Niumeitolu was born in Nuku'alofa, Tonga, the youngest of six children. Her father was Tevita Tangata 'o Lakepa Niumeitolu, a primary school teacher and interpreter for the Tongan government, and her mother was Litia Makakaufaki; her mother introduced her father to the Church of Jesus Christ of Latter-day Saints after their marriage. The family moved to Hawai'i when Litia won a scholarship to study at Brigham Young University–Hawaii, and then moved on to Utah, living first in Provo and then in Orem. The family became involved with the Pacific Islanders Club at the University of Utah, organising and contributing to an art exhibit there in 1998 entitled Tiritiri O Te Moana (Gifts From the Sea), which included visual art created by Niumeitolu.

Niumeitolu graduated from New York University in painting and performance, earned the Ellen Battell Stoeckel Fellowship in painting and drawing from Yale University, and attended Columbia University's Graduate Program in Acting.

She is the founder of Mahina Movement, an all-woman music and poetry trio, with Gabriella Callendar and Erica De La Rosa. The group performs stories of people dealing with multiple identities as a result of living in, or growing up in, a number of cultures. She has also directed and written over 20 educational theater productions. As an actor, she has appeared at the Metropolitan Opera, and also created a one-woman show, Tongue-in Paint, in which she plays thirteen characters. Her other production, A Prayer for Tonga, premiered at Harvard University.

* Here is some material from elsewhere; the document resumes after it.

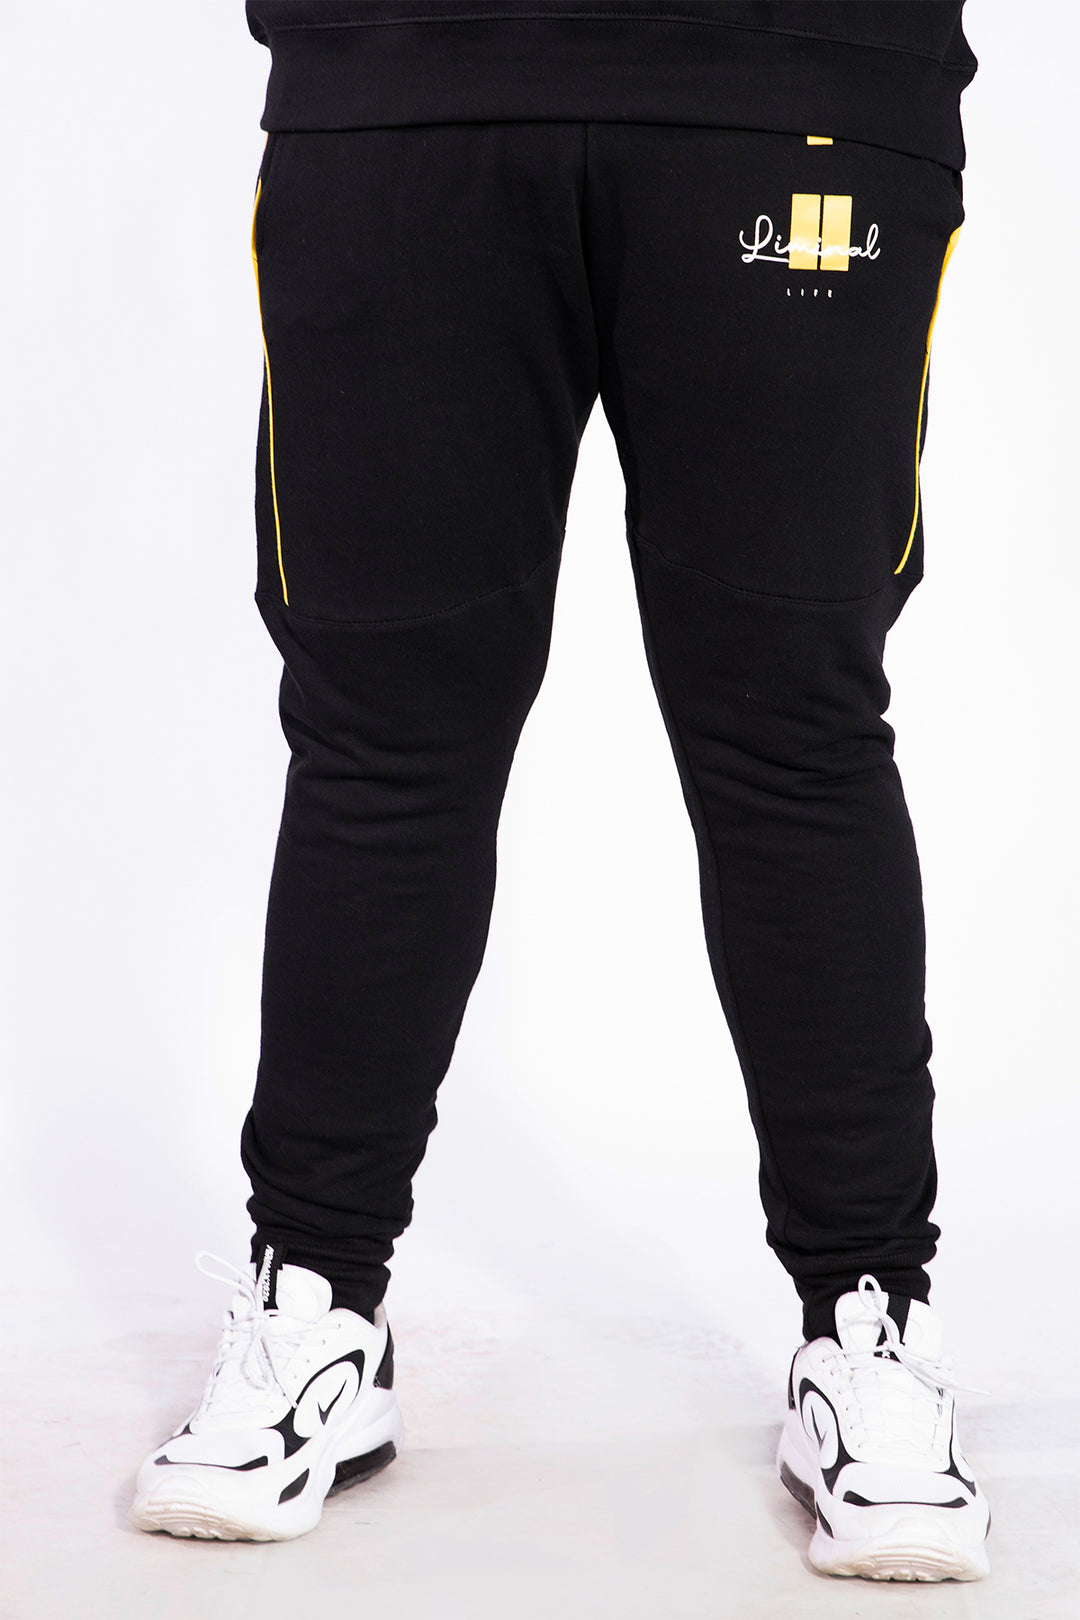 Liminal Black Jog Pants (Plus Size)  - W21 - MTR026P

Niumeitolu has painted community murals in Los Angeles, the Bronx, New Zealand, Australia, Utah, Brooklyn, South Africa, and Palestine. She has also led community art projects in New York City and in Alaska, California, Utah, Texas, as well as internationally in Italy, Ireland, and South Africa.

In 2019 Niumeitolu was awarded the 2019 Tautai International Artist in Residence in New Zealand by the Tautai Pacific Arts Trust.